Tuesday, July 21, 2009

StockCharts.com Charts on the Blog

By far, my favorite stock charting site on the web is StockCharts.com, from which quite a few screen shots have been imported into the blog.

Recently I have fielded a few questions about my StockCharts charts and I wanted to spend a little time talking about the information contained in these charts. For starters, StockCharts offers what they call a “gallery view” for each ticker. This is a group of three free charts consisting of a daily chart with five months of data, a weekly chart with two years of data and a point and figure chart. StockCharts members also have a fourth intraday utilizes ten minute bars for the past four days.

While these gallery charts are an excellent starting point, the true power of StockCharts is in creating custom charts. At the bottom of this post is what I would call my “standard chart” from StockCharts, which uses daily bars over the course of the past eleven months. My standard chart utilizes candlesticks because I prefer the informational content that can be displayed in one candle. I also utilized three simple moving averages: 10 days (solid blue line) for the short-term; 50 days (dotted red line) for the intermediate-term; and 200 days (dotted green line) for the longer-term. These are widely-used moving averages and the selection is somewhat arbitrary. I prefer the 10 day to the more common 20 day because I often have a very short-term time horizon and because the 10 day is utilized heavily by traders who follow the VIX.

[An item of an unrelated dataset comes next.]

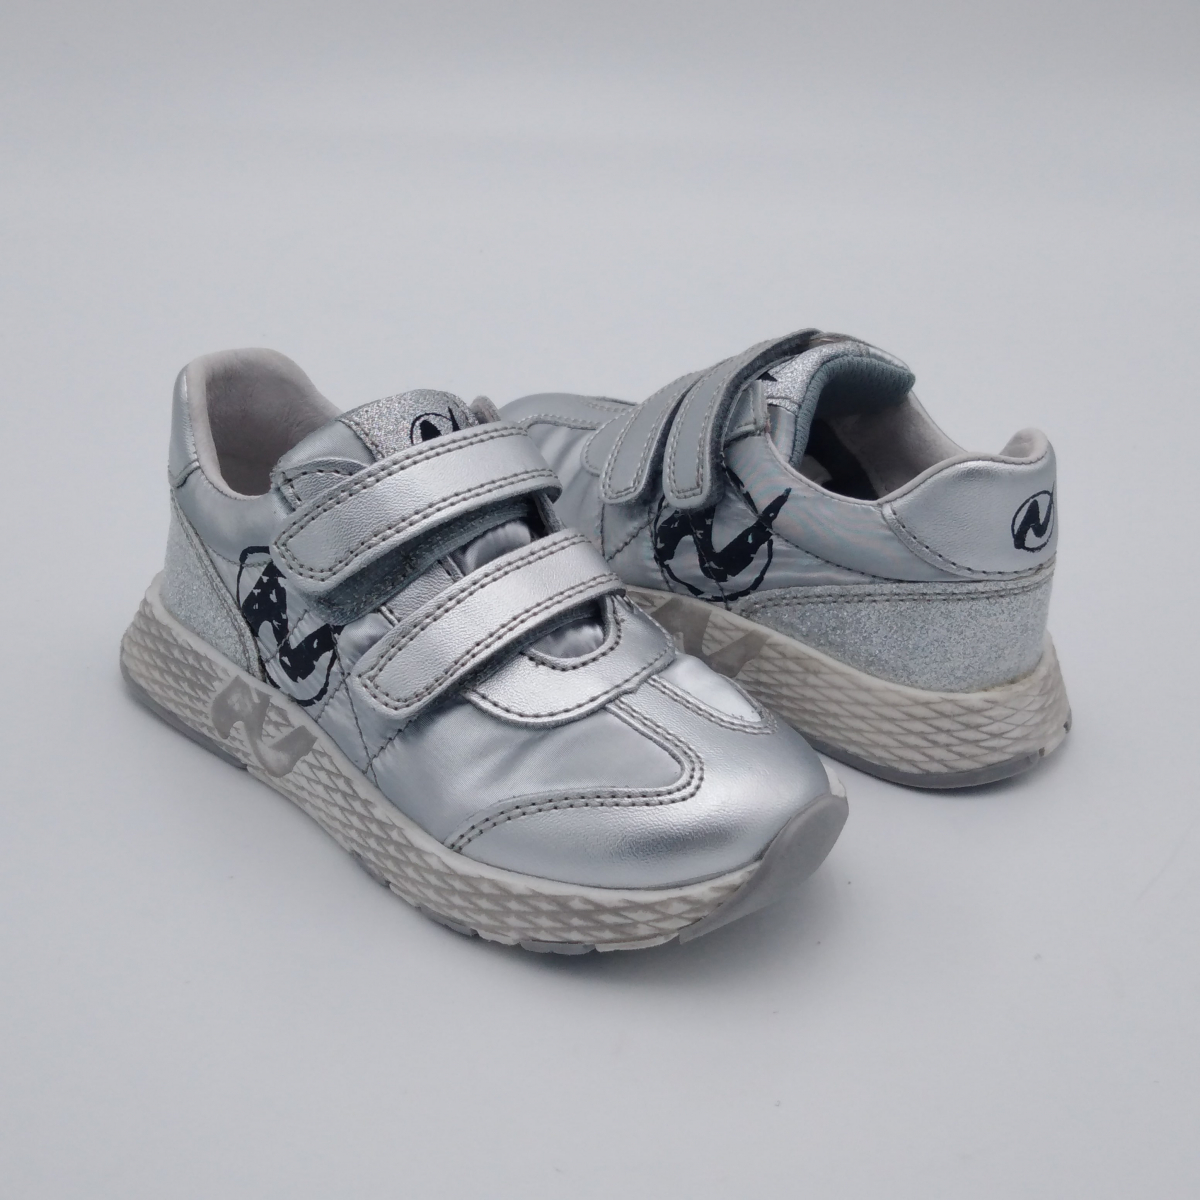 Naturino Jesko vl - Sneaker...

The gray cloud around the candlesticks is Bollinger Bands, set to 20 days and two standard deviations. I like to use Bollinger Bands to give a sense of the ebb and flow of historical volatility superimposed on the price data, rather than as a separate study above or below the main price chart. I choose to display these by area instead of the more typical lines because I want to limit the lines cluttering up the chart and give some semblance of visual clarity. According to extensive studies done by John Bollinger, one would expect 88-89% of all future daily price moves to fall within the range defined by the current Bollinger Bands – assuming, of course, the future resembles the past.

The only other graphical data on this chart is the volume data, which includes a 50 day exponential moving average line in purple, making it relatively easy to identify large volume spikes.

Finally, a reader recently asked why the y-axis is not proportional. The short answer is that charts can be plotted with a standard (proportional) y-axis or using a logarithmic axis. The benefit of a standard axis is the ease of measuring absolute changes: ten points up and ten points down are the same height. For longer periods, however, compounding distorts percentage changes, so a logarithmic axis ensures that percentage moves up and down are the same height. Consider a $100 stock. If it goes up 50% three years in a row, it ends up at 337.50 (100*1.5*1.5*1.5) a change of 227.50 points. But if the same stock goes down 50% three years in a row, it will be at 12.50, a change of only 87.50 points. On a standard y-axis, the move up 50% for three years will look 2.6 times (237.50 / 87.50) greater than the move down 50% for three years. A logarithmic axis makes sure that these percentage changes look identical to the eye. In a future post, I will talk more about logarithmic axes and use some examples to illustrate their advantages and disadvantages.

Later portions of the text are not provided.